My knowledge regarding servers is limited and I'm trying to figure learn more. I'm currently looking into EC2 and I have a question regarding their 'hours of runtime' for a single instance.
Say I go with an m1.medium instance which is $0.120 per hour. Is there any kind of underlying meaning to that? Or is it literally, if my server is working on something 24/7 for a month (31 days) that I'll be billed at $89.28 (24 * .120 * 31)? If I have an unusually high period of activity I don't want to receive a $1000 bill because I didn't fully understand the server pricing.
Also, would 2 m1.small instances perform about the same as 1 m1.medium instance, or is the relationship not entirely linear?
Thanks
Those $89.28 are indeed money billed for a month of ec2.medium instance usage. But you also should be aware of
DataTransfer costs (for example, if you host a web application, amout of data served to your end users is billed)

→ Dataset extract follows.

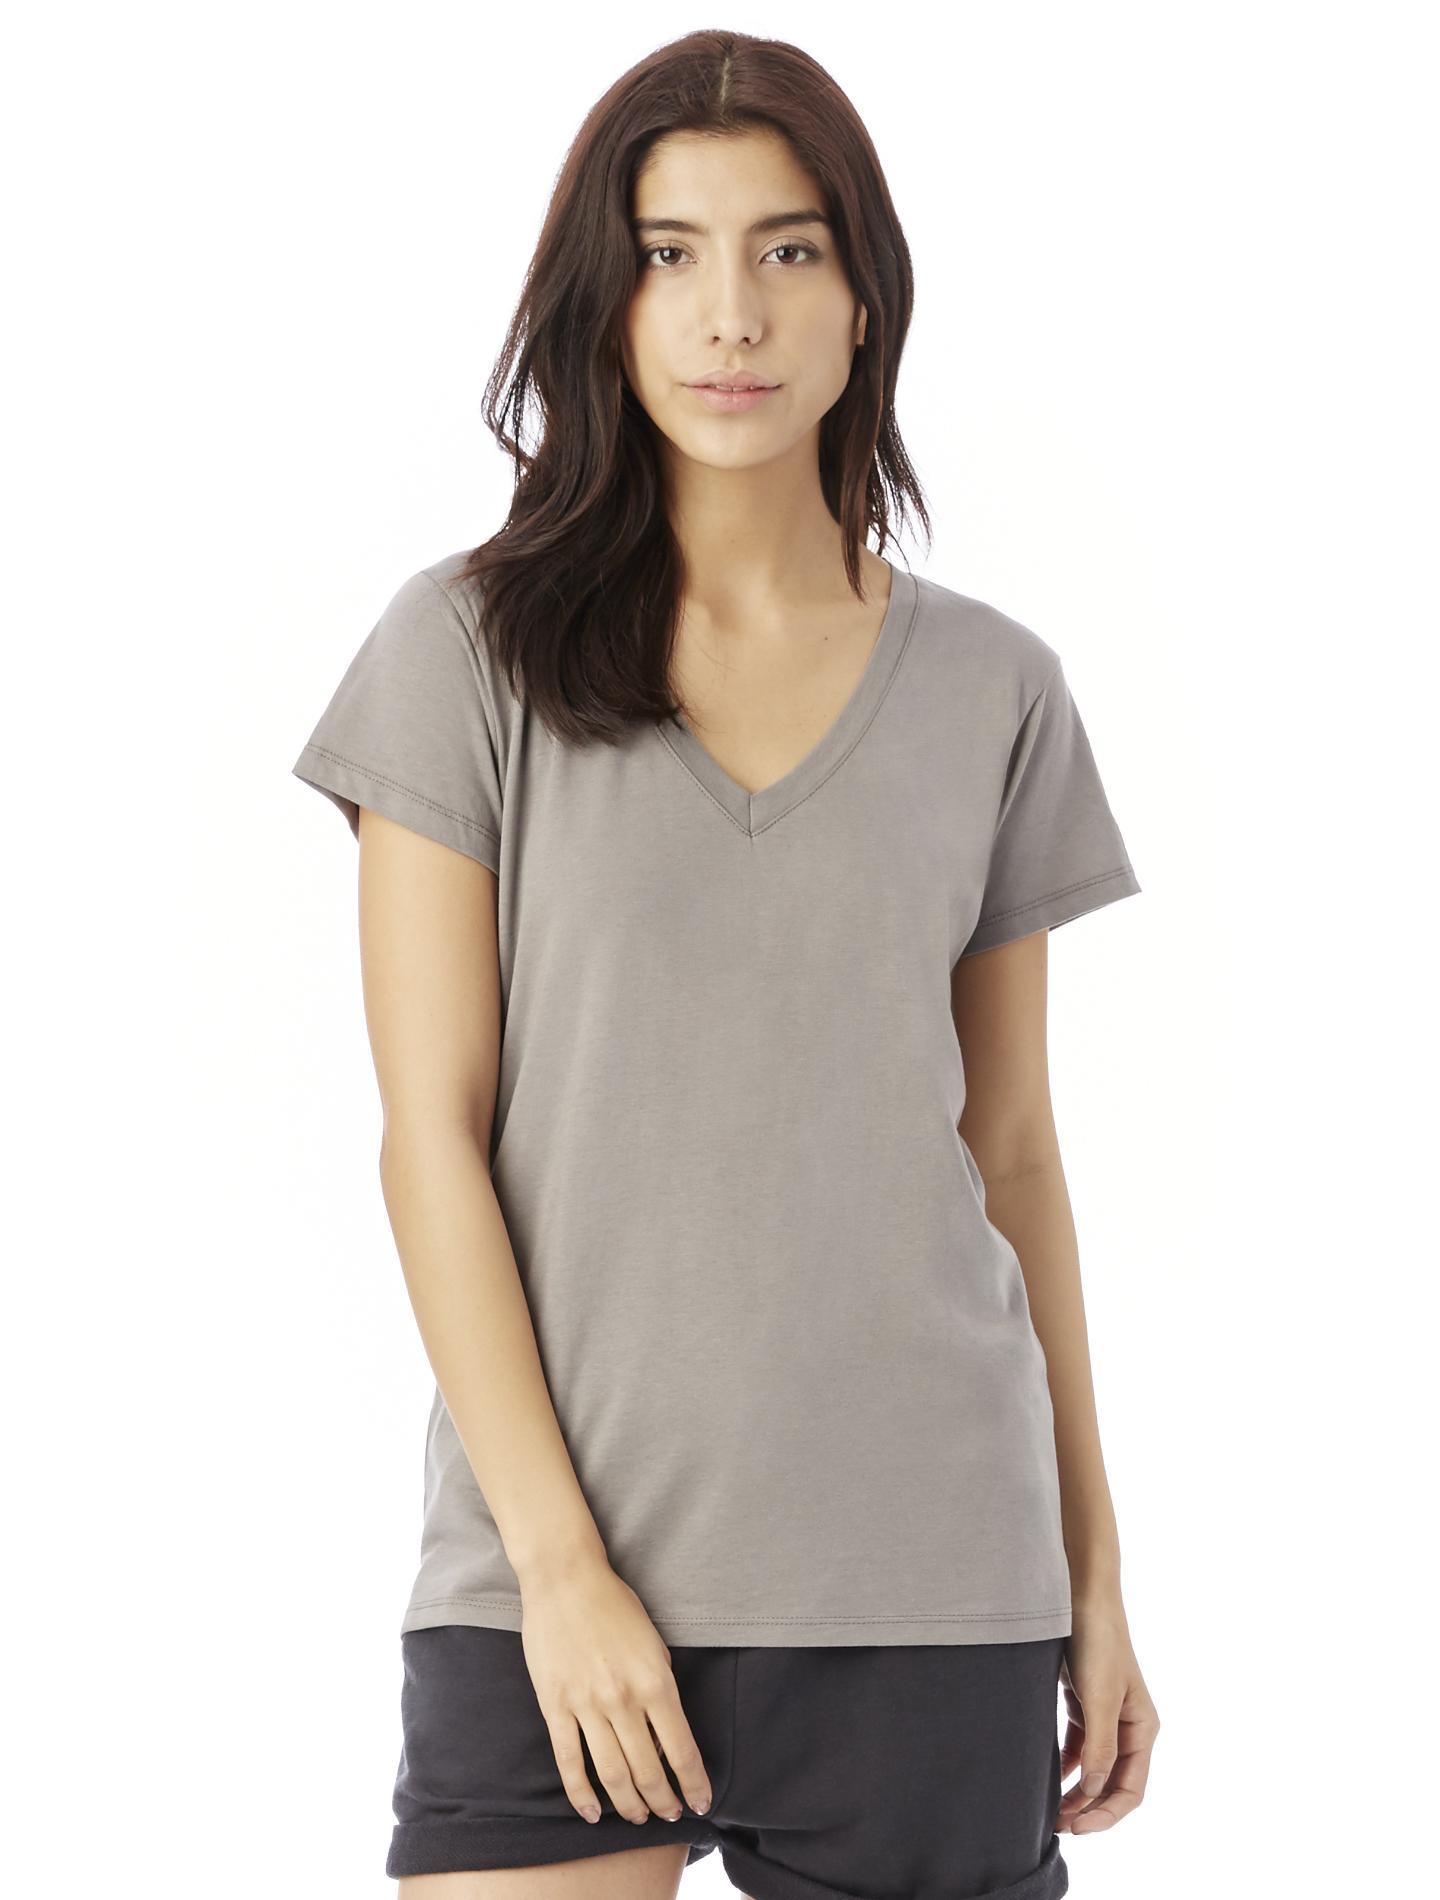 7105e29eaadcf6 Alternative Apparel Everyday Cotton Modal V-neck T-shirt in Metallic ...
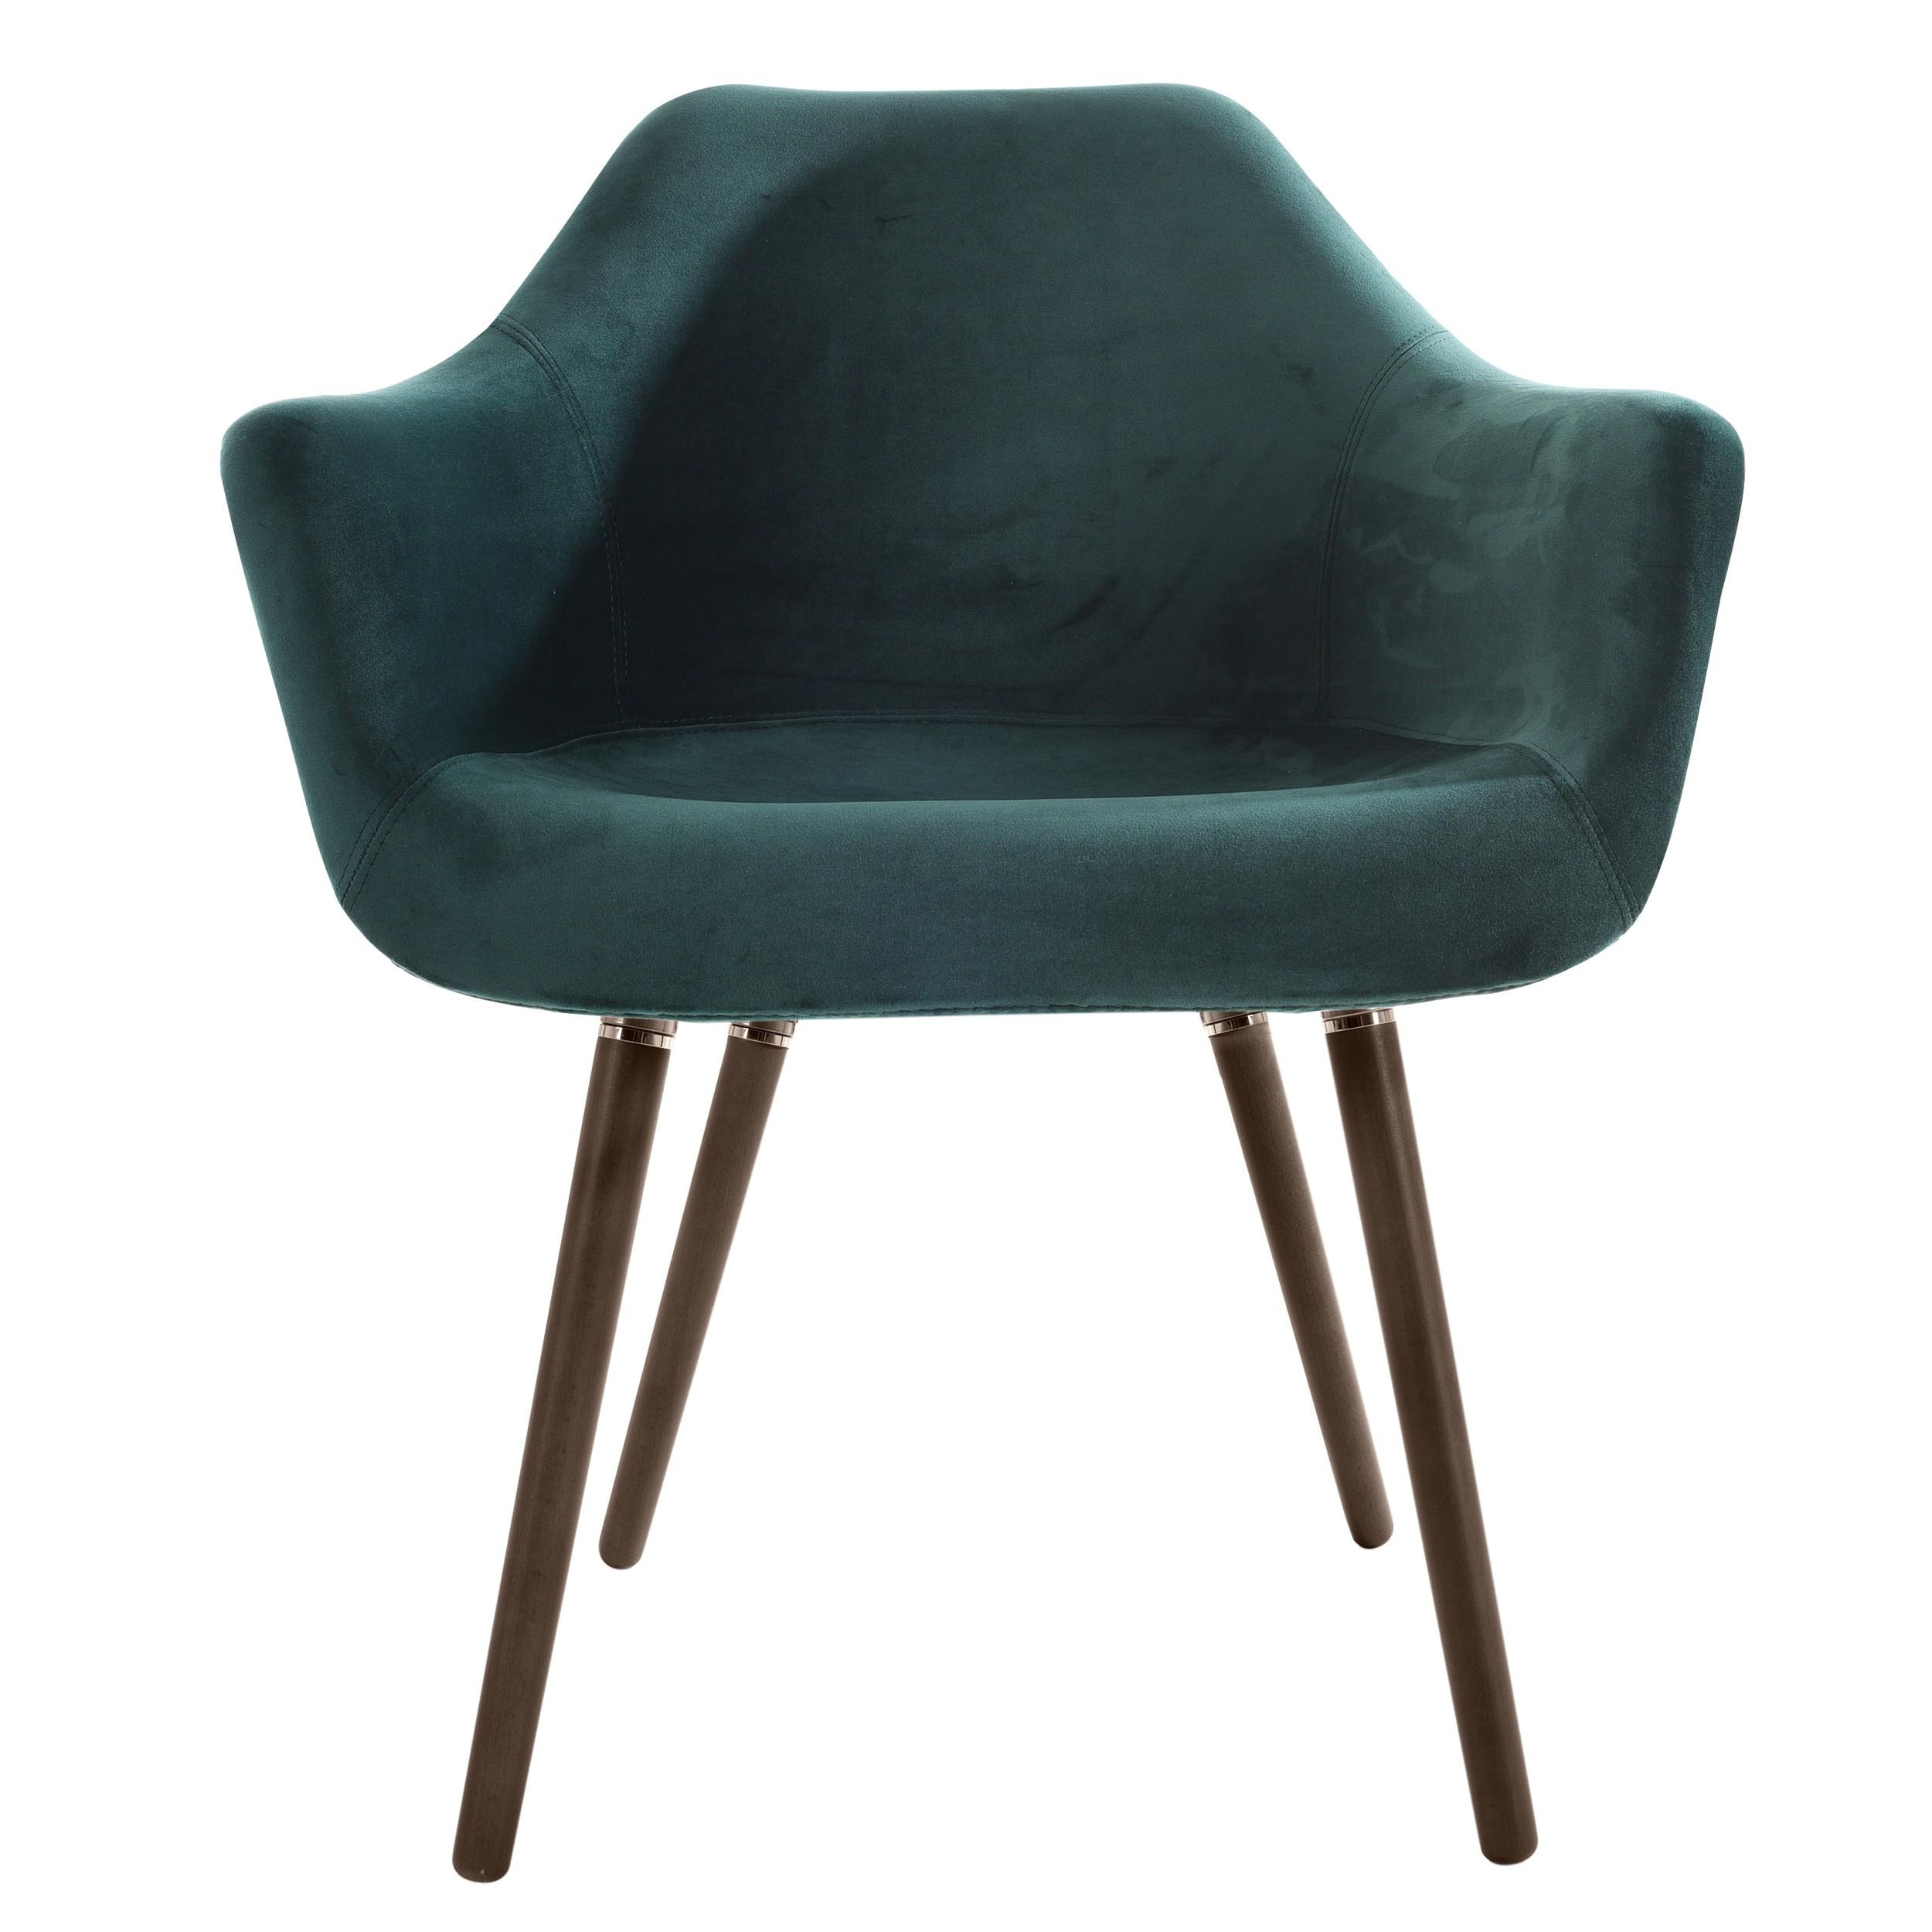 chaise anssen en velours vert commandez nos chaises anssen en velours vert rdv d co. Black Bedroom Furniture Sets. Home Design Ideas

Storage price, as your instance should have some storage, same applies for backups (for example in form of snapshots, they are billed for space used)
You also might be billed for other services (such as EMR), but just in case you use them, so no need to worry right from the start.
Refer to EC2 price or price calculator
If you worry about unexpected bills, set up a billing alert. You'll be notified if your bill exceeds your expectations.
As for performance, 2 m1.small is roughly equal to m1.medium only in terms of CPU, but performance often depends on IO, architecture (32b vs 64b) and other factors. I had a use case when t1.micro instance outperformed m1.medium.